The component scores were derived with a regression method based on principal component analysis of the variables listed as associated with each component.

Human subjects

Procedures were approved by the Committee for the Protection of Human Subjects.

Reliability and validity

Consistency of measurement and validity estimates for variables included in the general model are limited in availability and come in various forms given multiple data sources. Though criticized for inaccuracy and underreporting [34], the stability of the measurement of the “2004 State Homicide Rate” variable is very high. Measured by the average correlation between state rates (reported that year) and those reported between 1996 and 2008, it is r = 0.935 [35]. This would indicate that while rates have varied nationally overtime they did so very consistently across the states.

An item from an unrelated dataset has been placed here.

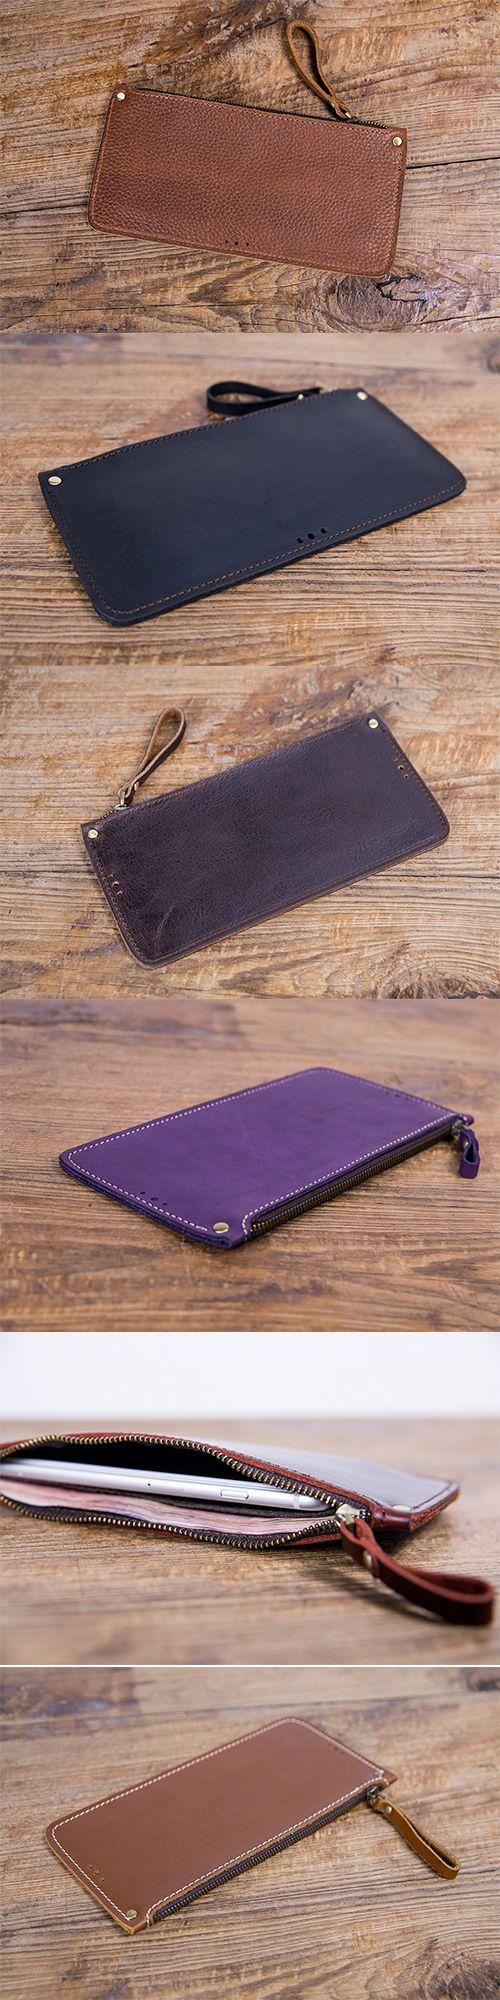 Handmade leather vintage women long wallet clutch zip phone purse wallet

Legal provisions for ICC and those related to restrictiveness of gun laws derive from surveys of state statutes. The former dichotomization of ICC statutes into dangerousness and broader statutes was checked multiple times [4] for agreement and against an alternate listing [36]. The three-category “restrictiveness of state firearm laws” variable was validated by a study showing that it significantly and correctly separated the “percent of households with firearms” and the “number of suicides involving a firearm” in each state [25].

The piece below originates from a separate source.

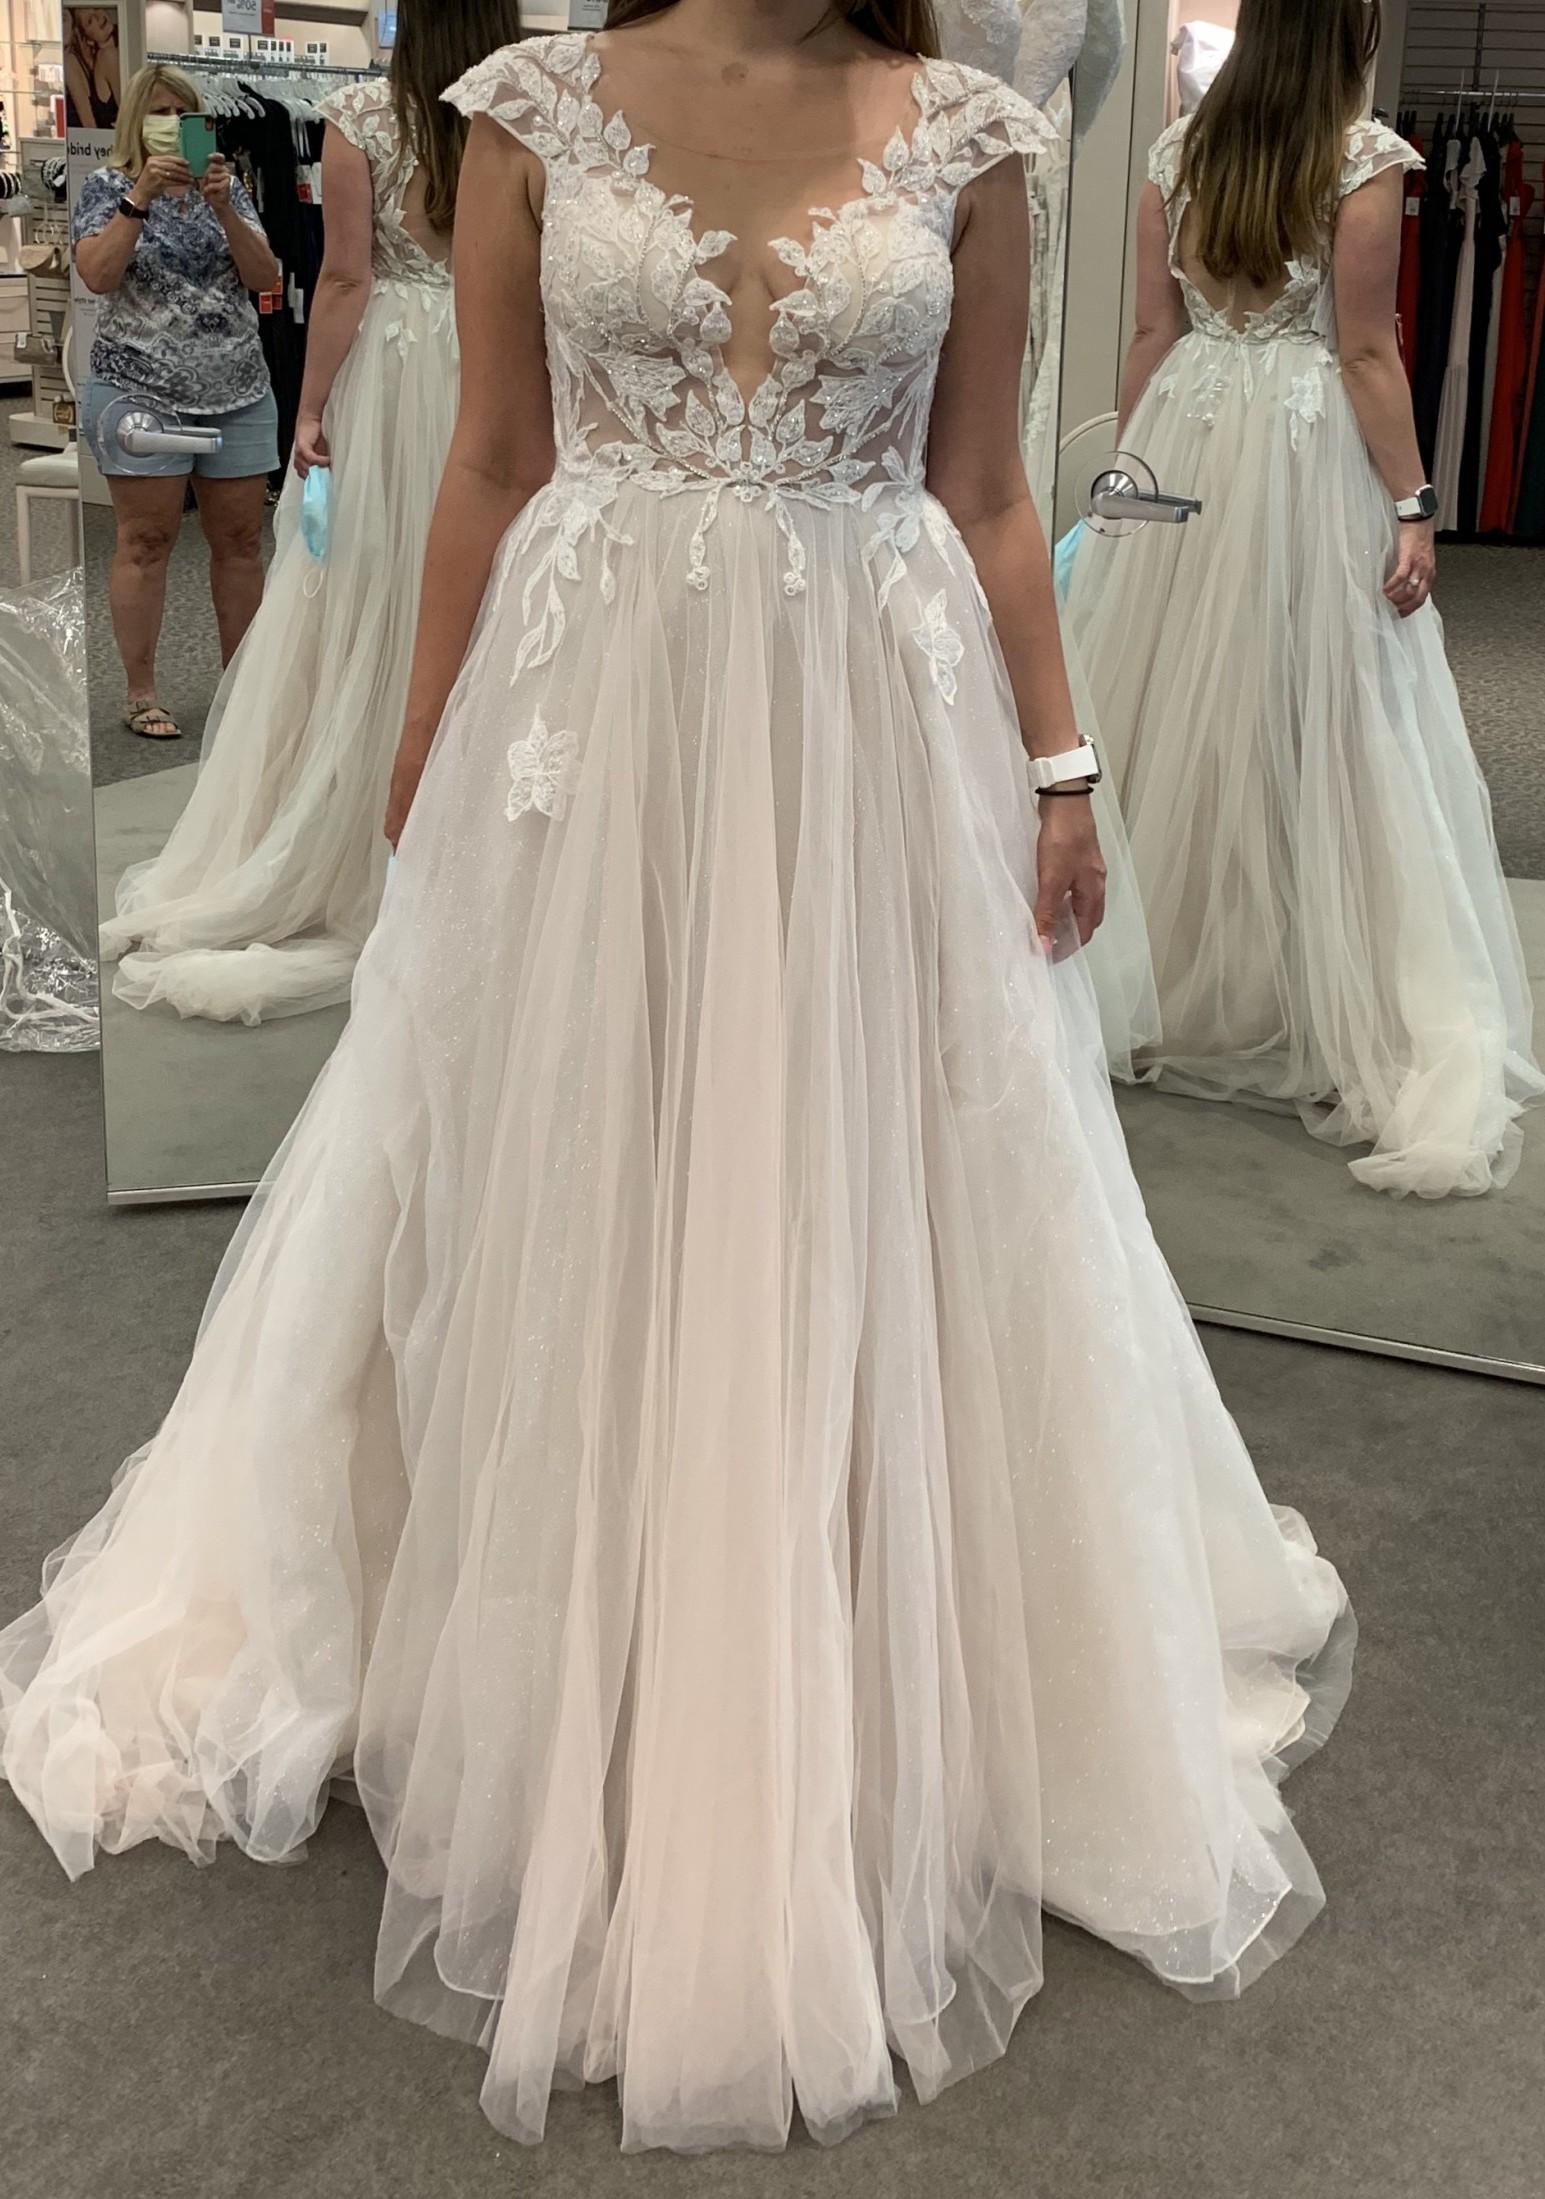 Galina Signature Illusion Cap Sleeve Lace Appliqued Wedding Dress

Consistency in measurement of variables taken from key informant surveys was primarily guaranteed by training efforts to insure that data gatherers secured the data in a uniform fashion. This was the case for variables taken from the NAMI survey and the frequency of IOC reporting survey [15, 24]. The stability coefficient for NAMI grades in 2005 and 2009, reported in “whole” grades (as opposed to the plus/minus grades reported for 2005 used herein) was r = 0.587. Given expected changes in mental health system performance and major changes in NAMI’s 2009 survey methods, and weighting categories, this is a fairly stable system assessment [37].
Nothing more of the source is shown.